*EXERCISE DIRECTIONS*
Could you write out, exactly as they stand, only the lines in the listing below from the line with "Сп 1.3 статус." to the line with "Daddy Breakfast, Bagel’s", both ends included, without the pictures?

*SOURCE DATA*
==*==
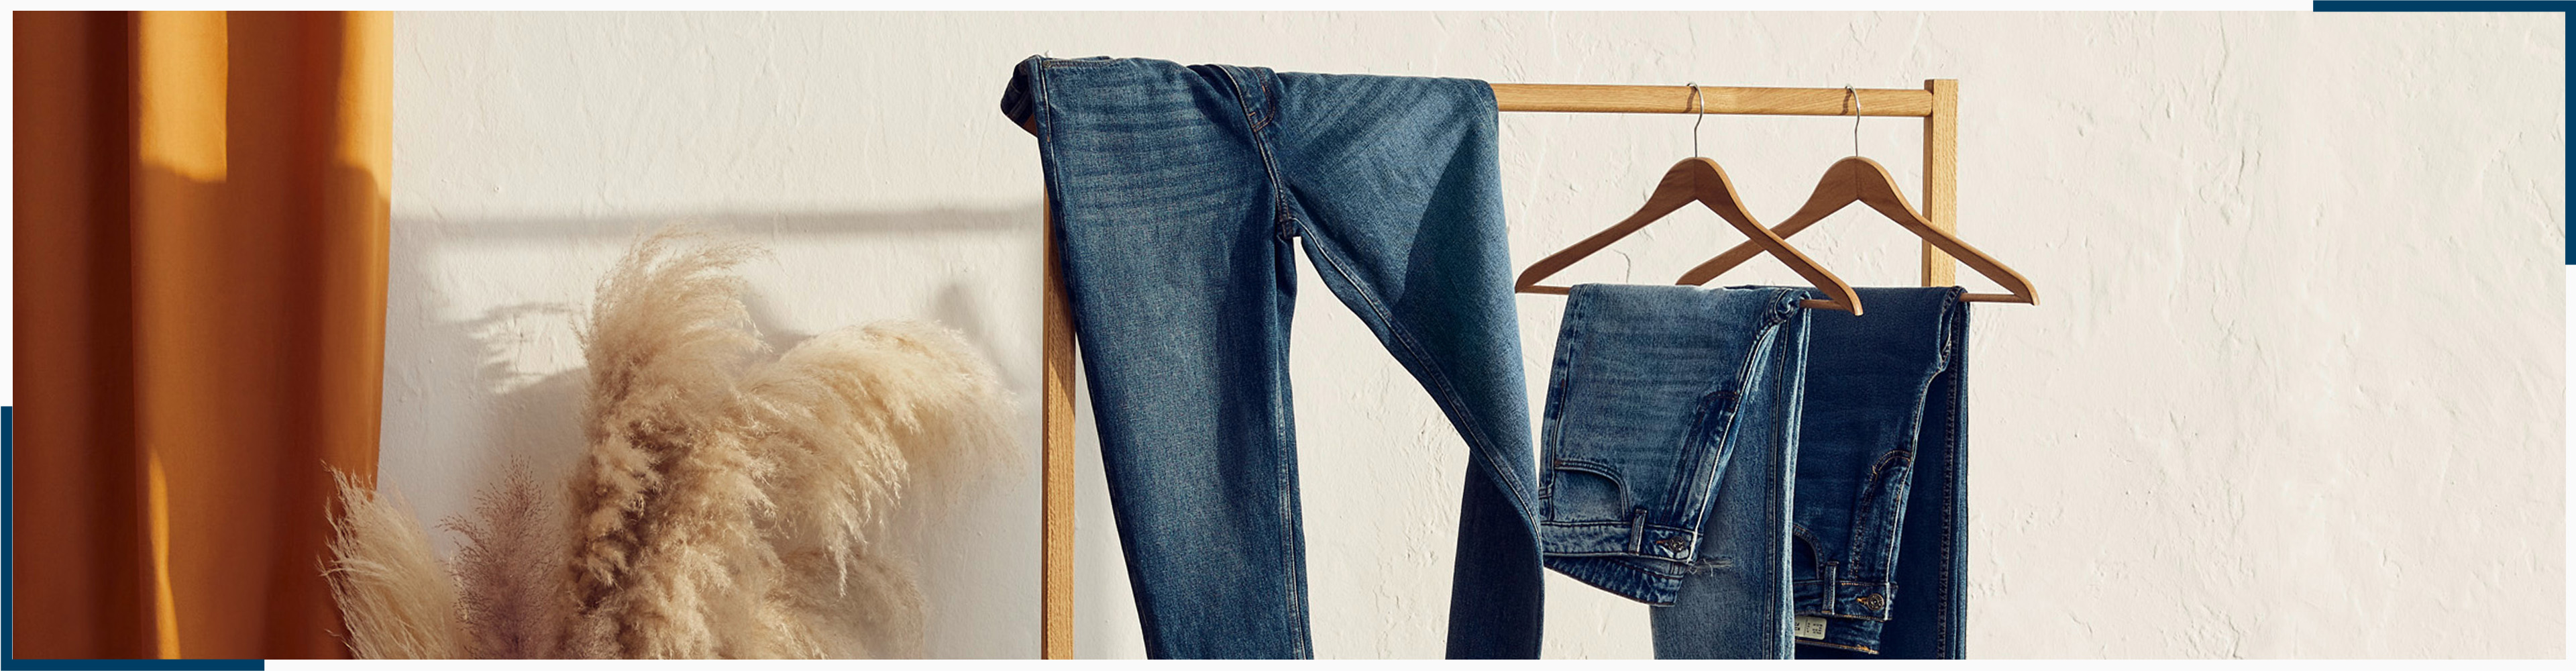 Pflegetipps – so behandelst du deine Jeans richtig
==*==
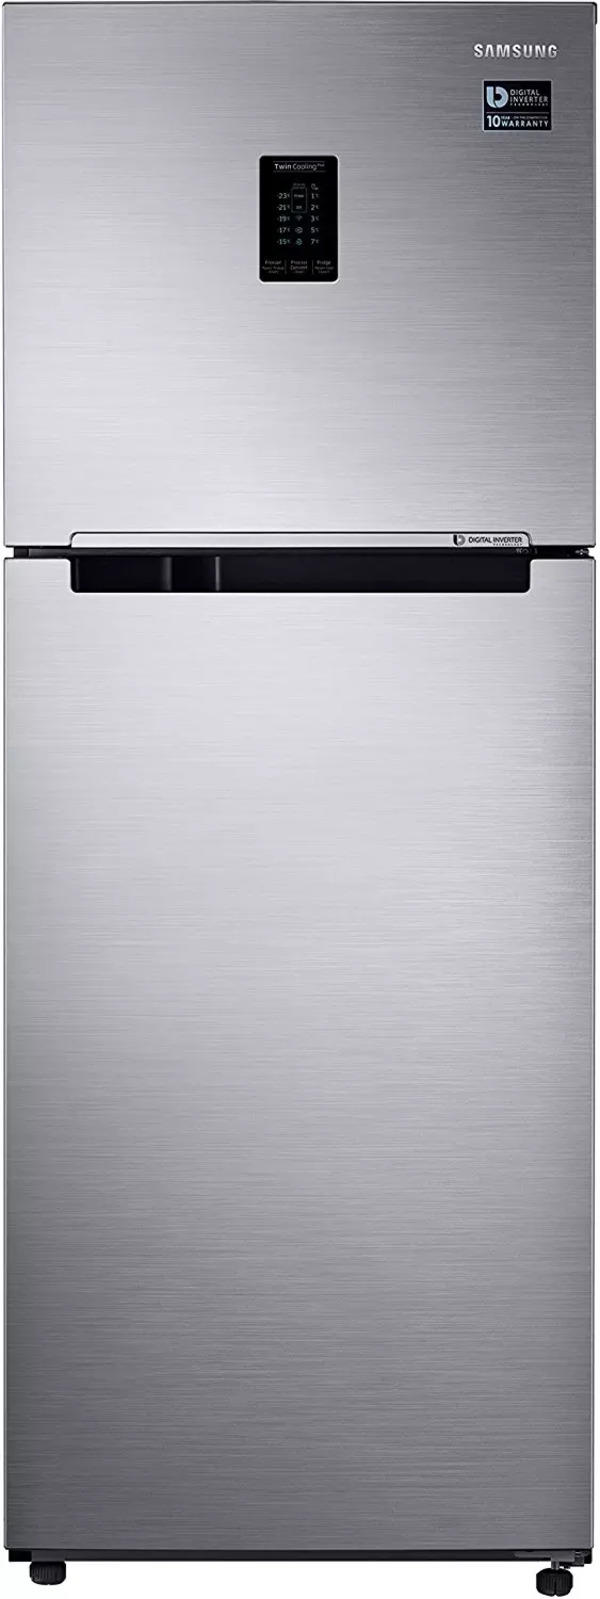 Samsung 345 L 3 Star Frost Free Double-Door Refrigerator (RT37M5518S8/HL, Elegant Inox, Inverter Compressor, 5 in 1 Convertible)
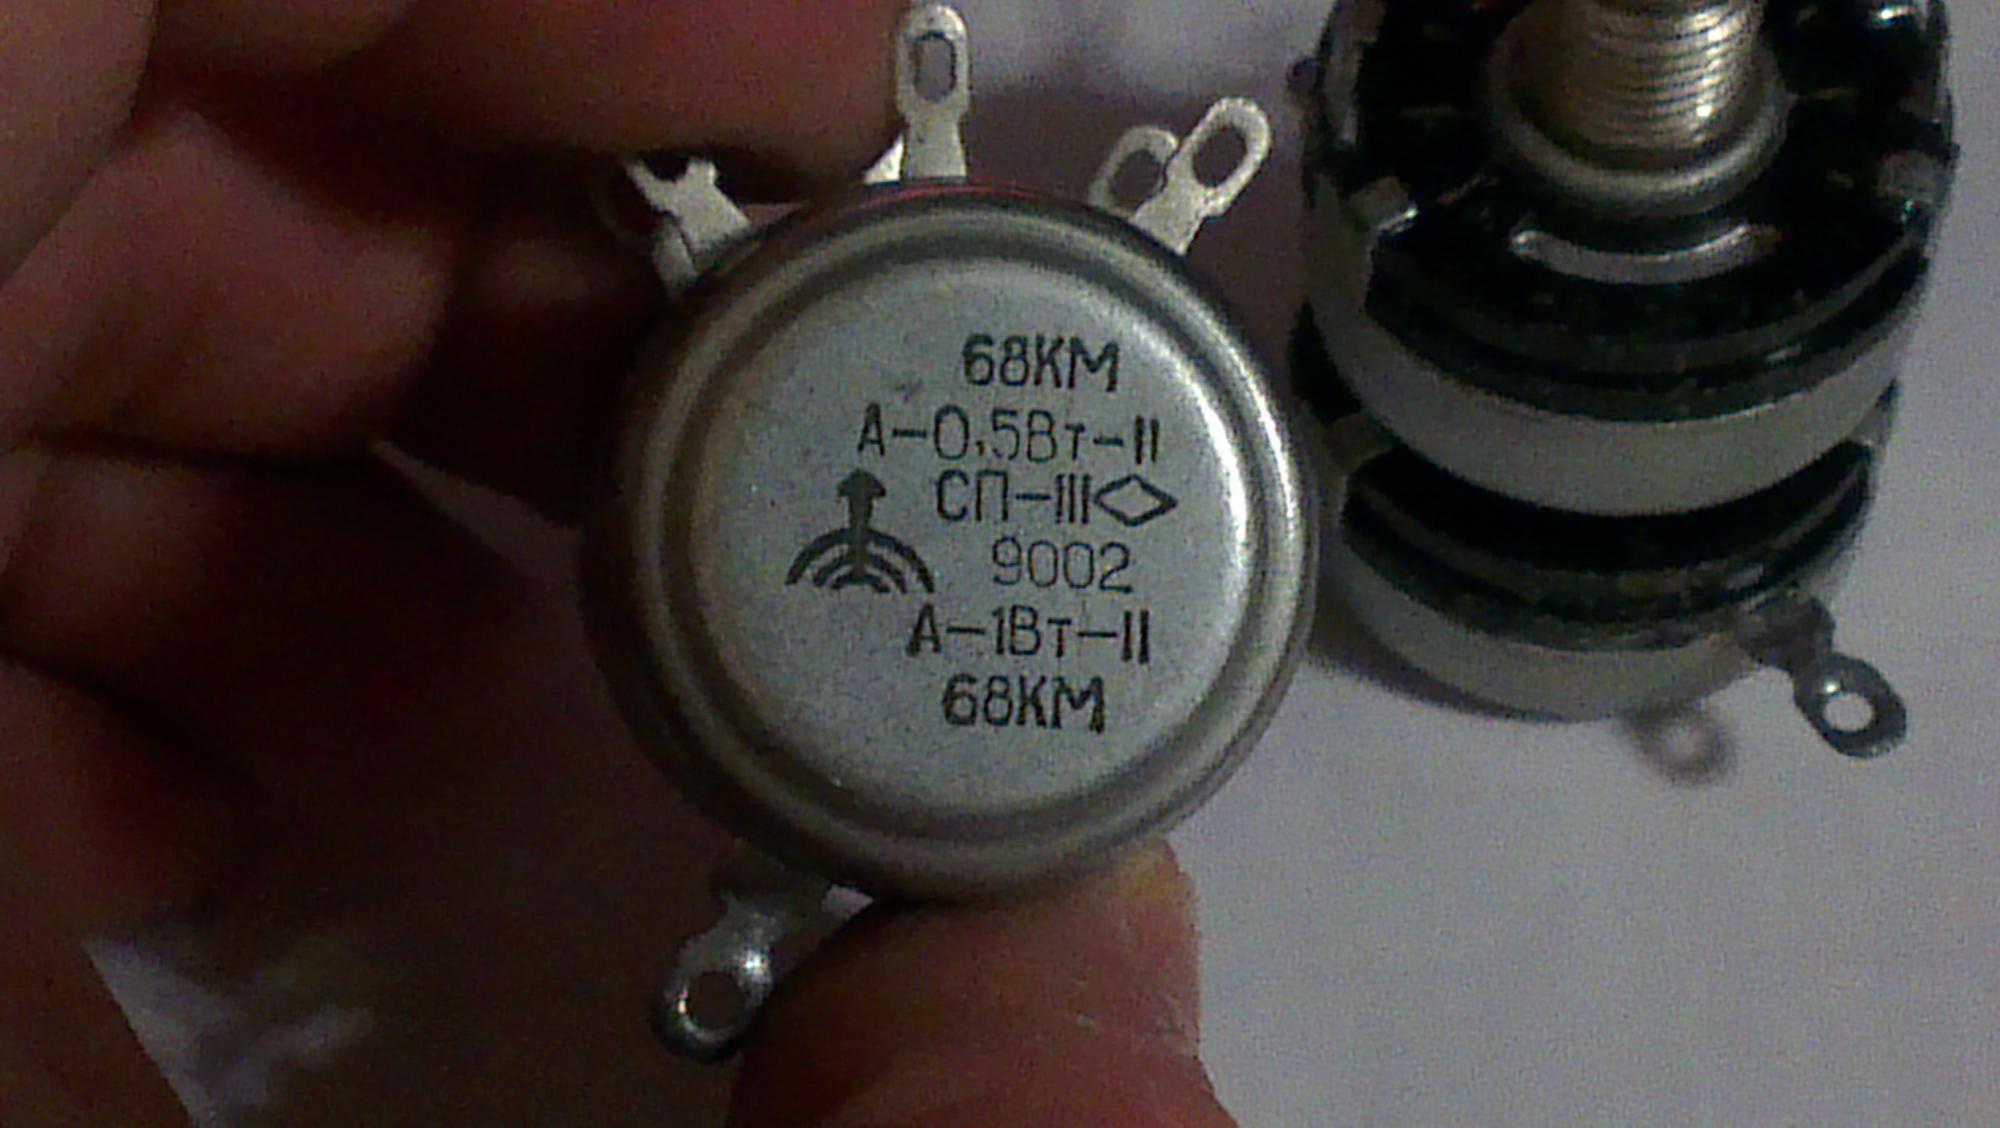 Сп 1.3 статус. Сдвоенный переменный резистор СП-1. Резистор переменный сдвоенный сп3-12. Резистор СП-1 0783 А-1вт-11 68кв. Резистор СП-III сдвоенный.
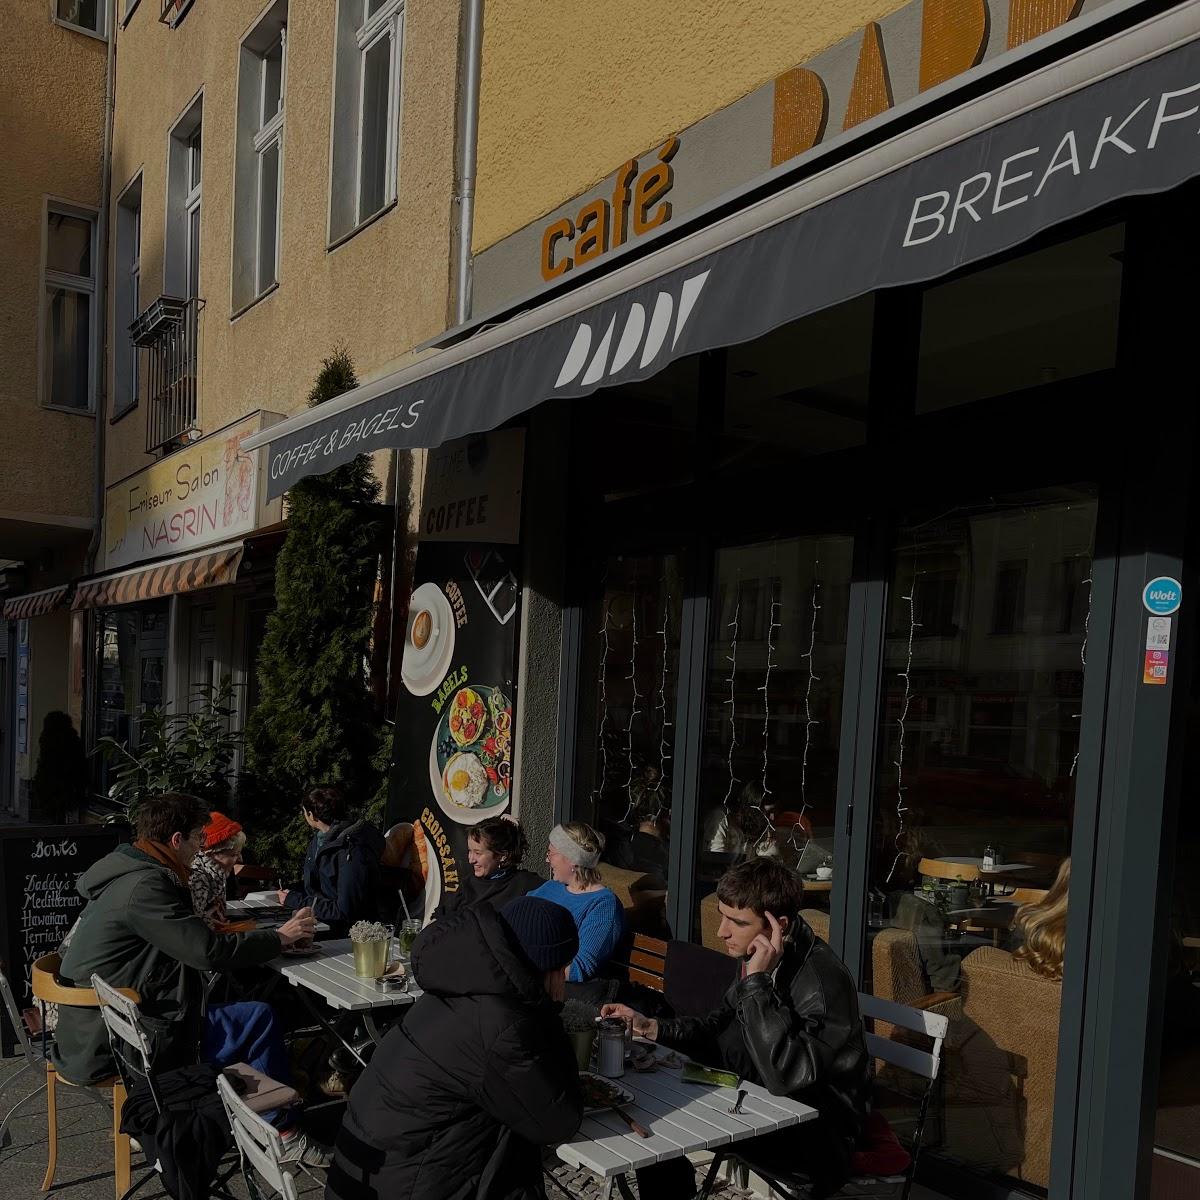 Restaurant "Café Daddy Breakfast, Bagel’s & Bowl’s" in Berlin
==*==
*EXERCISE RESPONSE*
 Сп 1.3 статус. Сдвоенный переменный резистор СП-1. Резистор переменный сдвоенный сп3-12. Резистор СП-1 0783 А-1вт-11 68кв. Резистор СП-III сдвоенный.
 Restaurant "Café Daddy Breakfast, Bagel’s & Bowl’s" in Berlin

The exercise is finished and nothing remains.